» **WORK TASK**
Reproduce the data below exactly. Skip the pictures.

» **DATA SEGMENT**
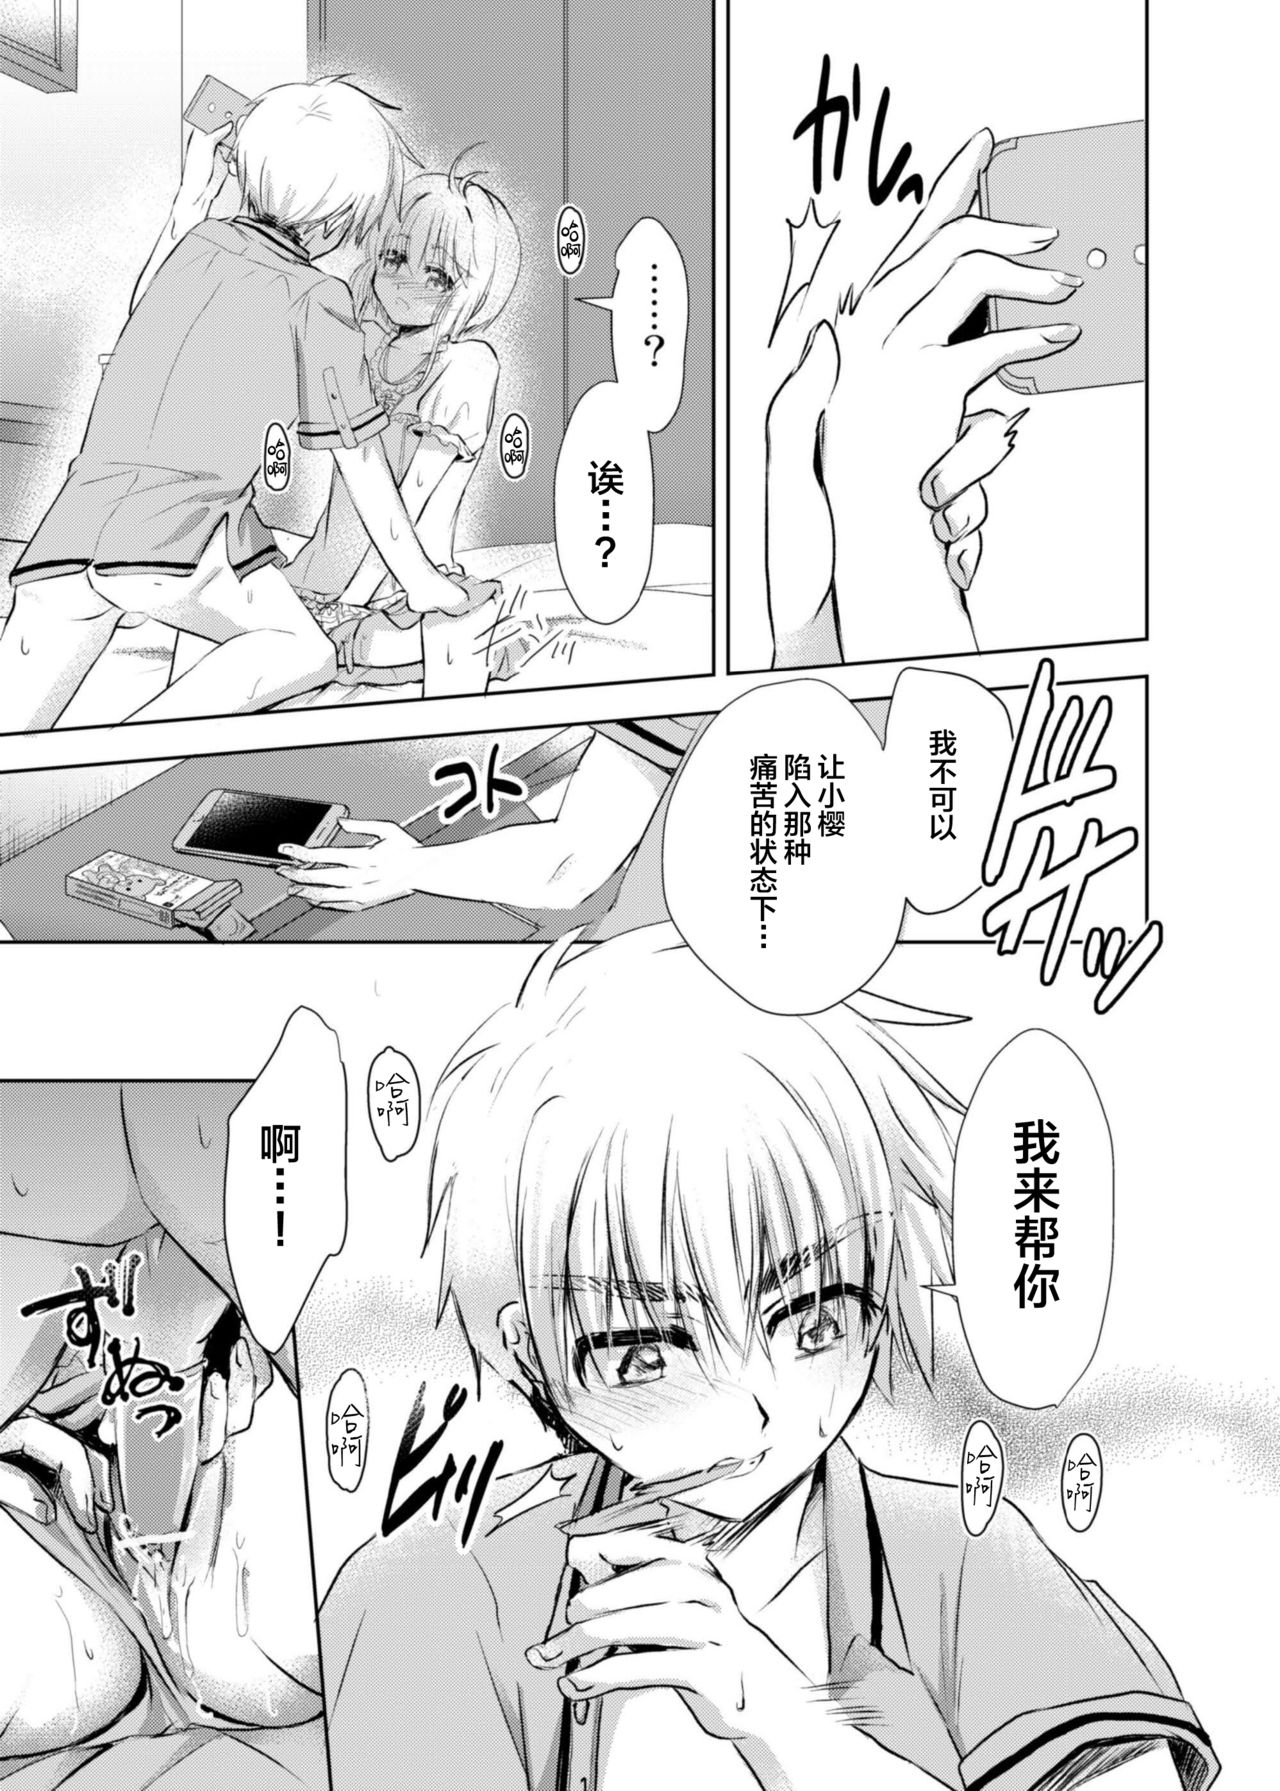 [Maple of Forest (Kaede Sago)] Give and Take (Cardcaptor Sakura) [Chinese] [新桥月白日语社] [Digital] page 24 full
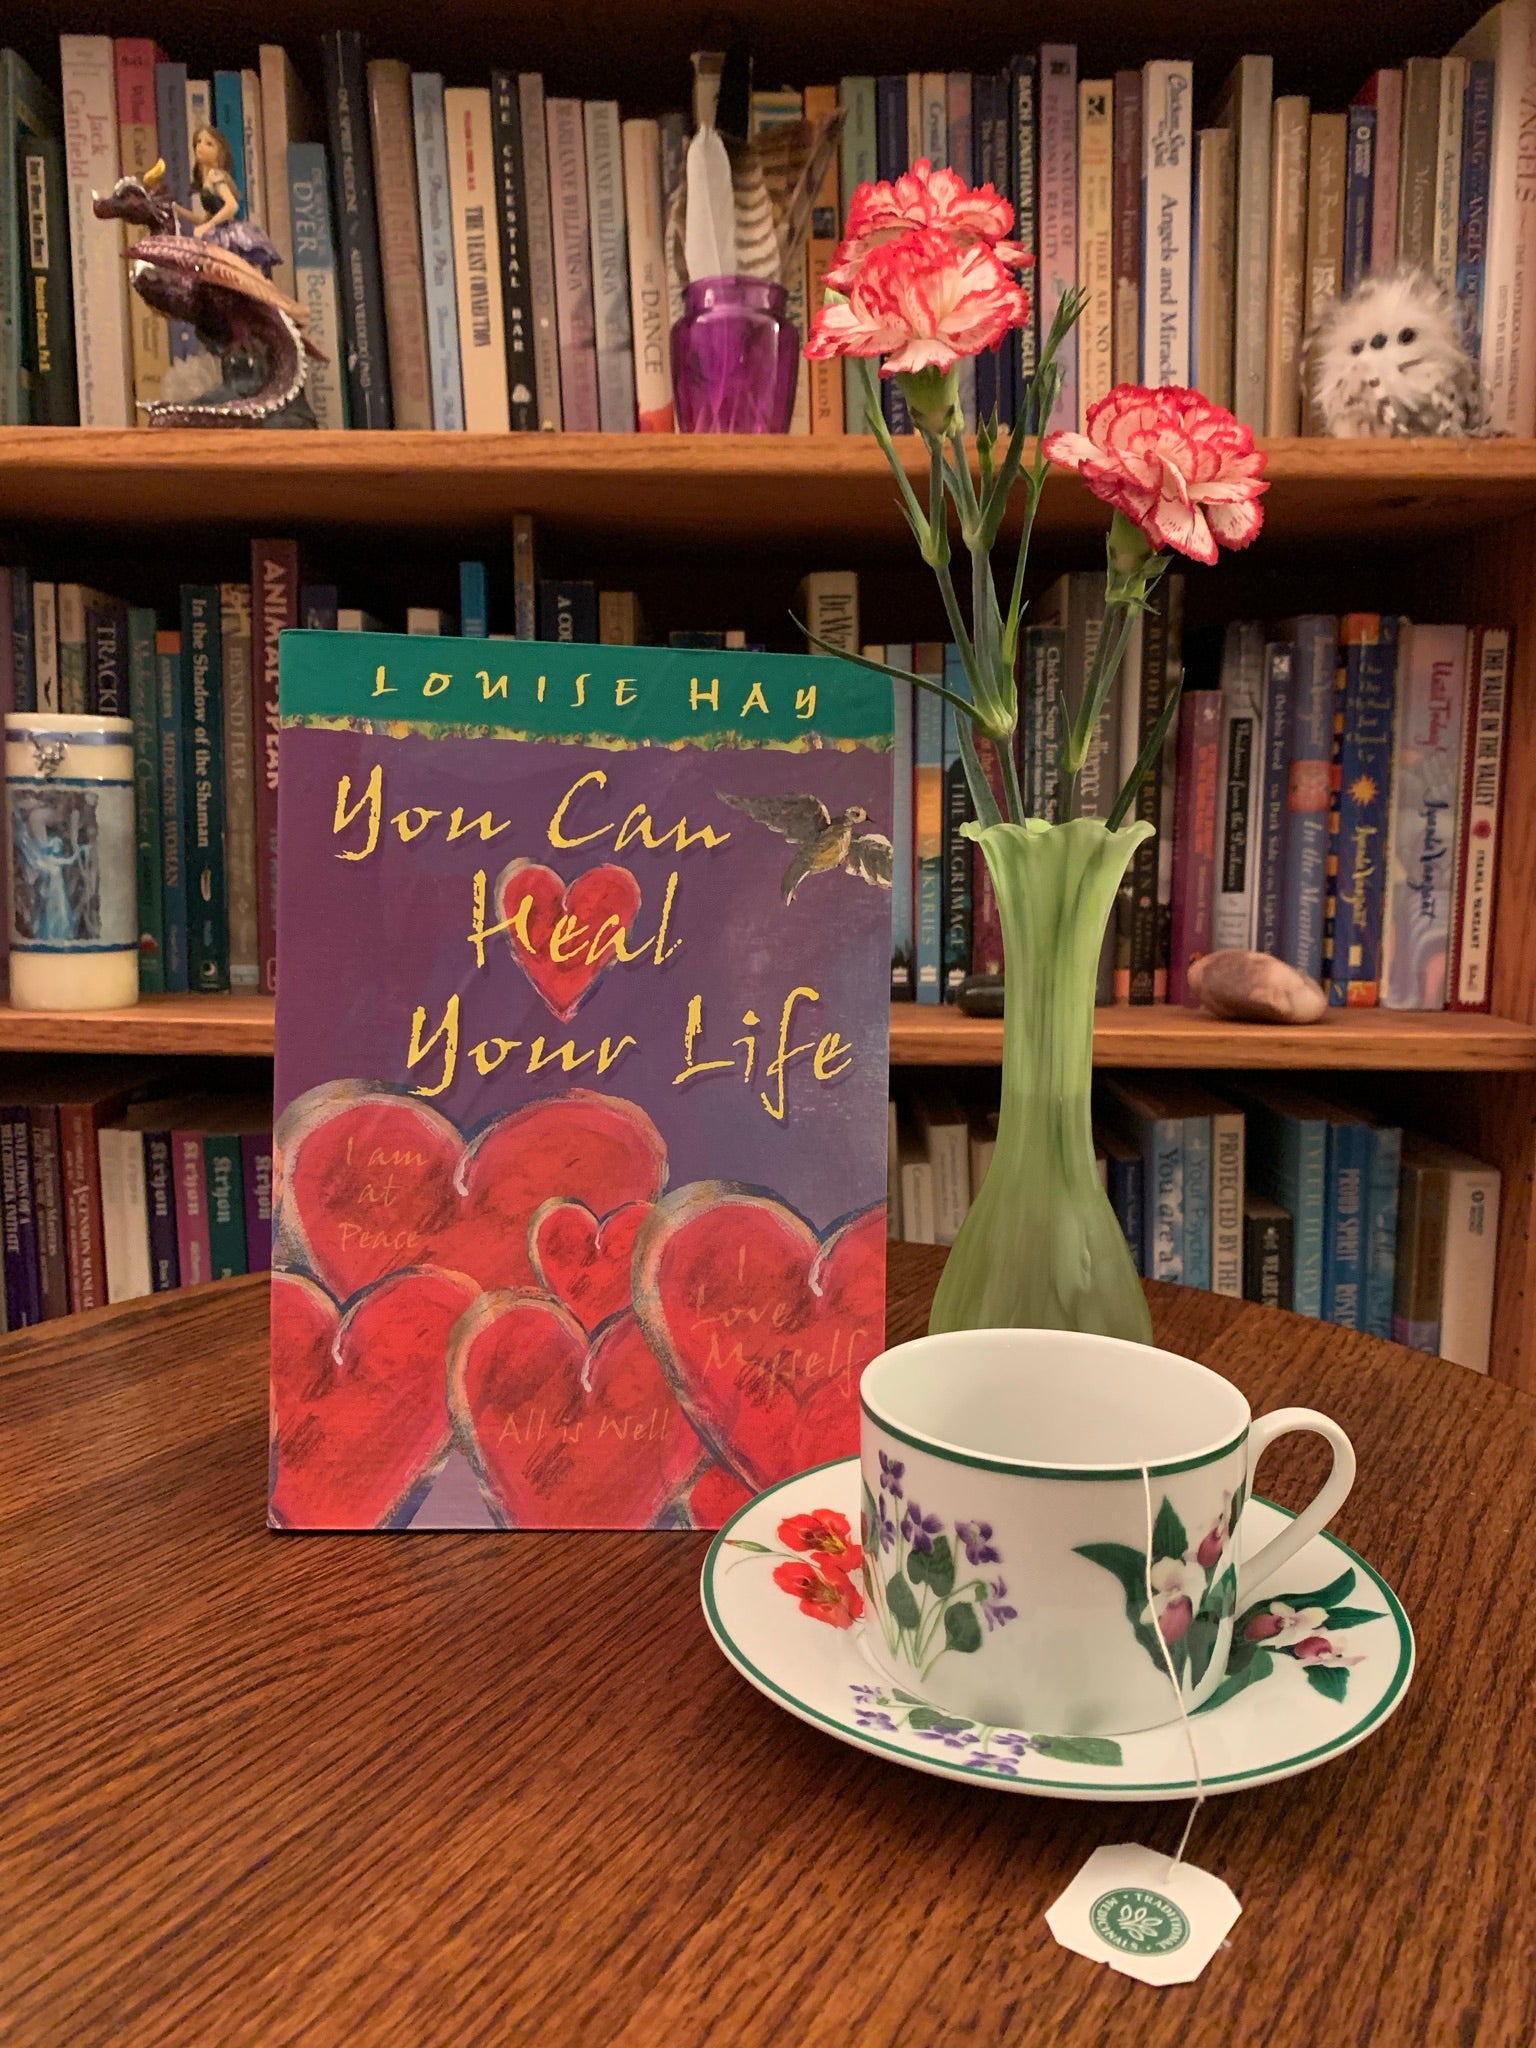 You Can Heal Your Life (gift edition with beautiful illustrations) by the amazing Louise Hay. This is one of the first books I ever read as I transformed my own life spiritually and re-oriented my belief about healing to a holistic and natural approach. It is a wonderful book with profound information about healing, self-healing and self-love, in which Hay tells her own story of transformation and healing and of how she beat cancer in natural ways. Cost is $24.99.
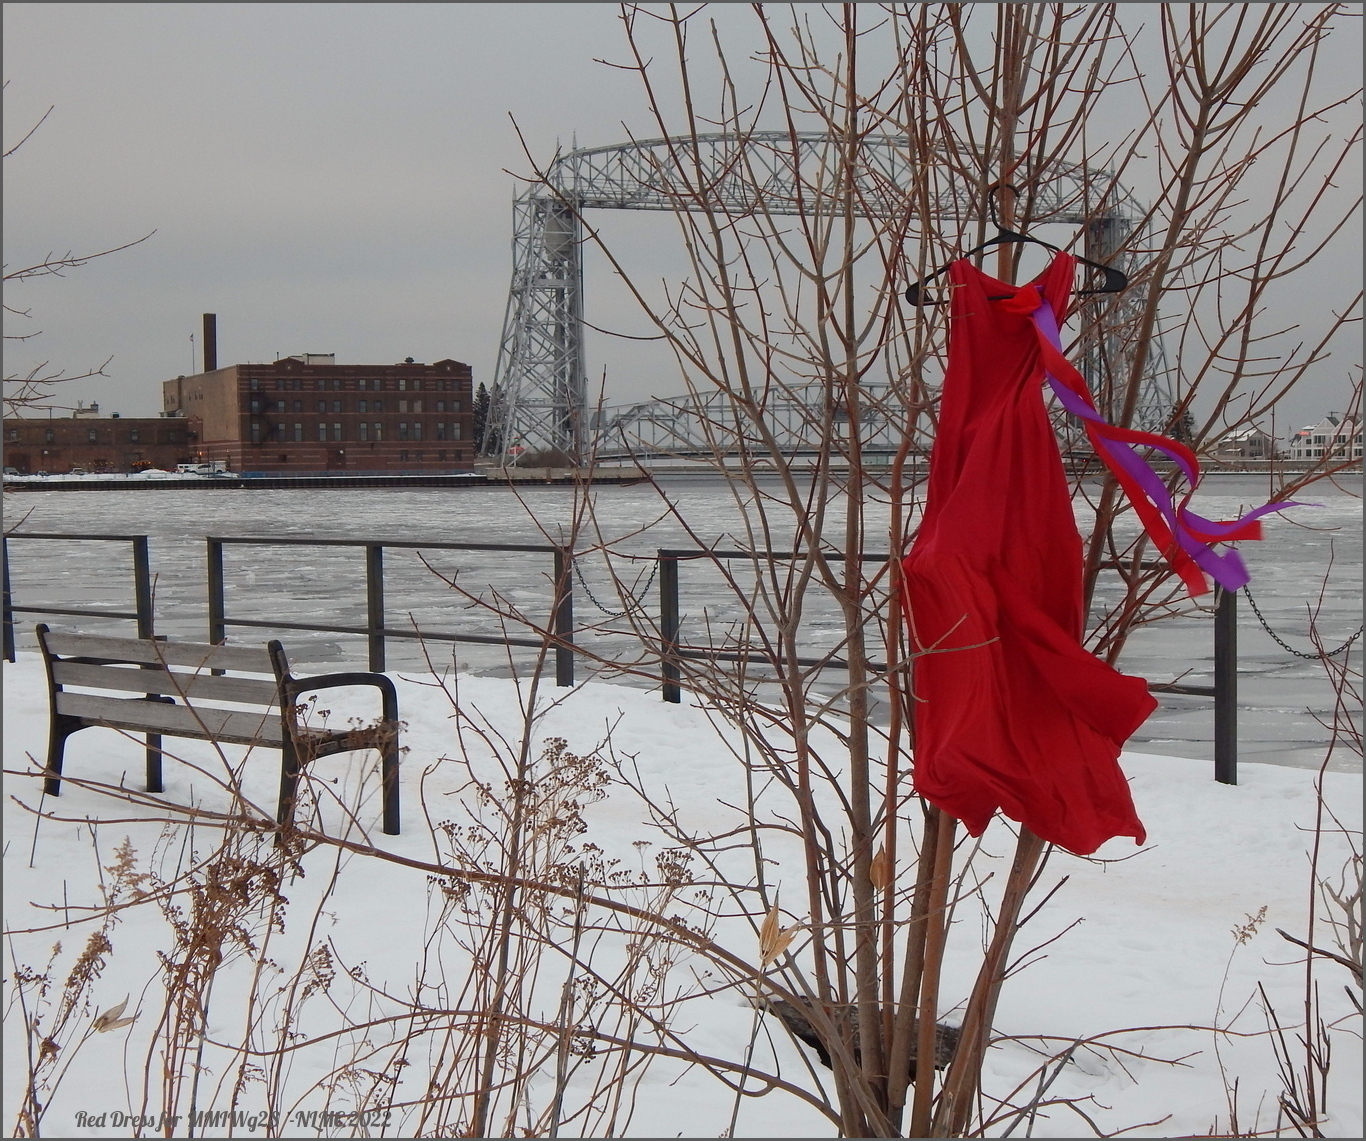 Red Dress Campaign MMIW, Duluth MN. A campaign to bring awareness and commemorate the epidemic of missing and murdered Indigenous women.

» **RESPONSE**
 [Maple of Forest (Kaede Sago)] Give and Take (Cardcaptor Sakura) [Chinese] [新桥月白日语社] [Digital] page 24 full
 You Can Heal Your Life (gift edition with beautiful illustrations) by the amazing Louise Hay. This is one of the first books I ever read as I transformed my own life spiritually and re-oriented my belief about healing to a holistic and natural approach. It is a wonderful book with profound information about healing, self-healing and self-love, in which Hay tells her own story of transformation and healing and of how she beat cancer in natural ways. Cost is $24.99.
 Red Dress Campaign MMIW, Duluth MN. A campaign to bring awareness and commemorate the epidemic of missing and murdered Indigenous women.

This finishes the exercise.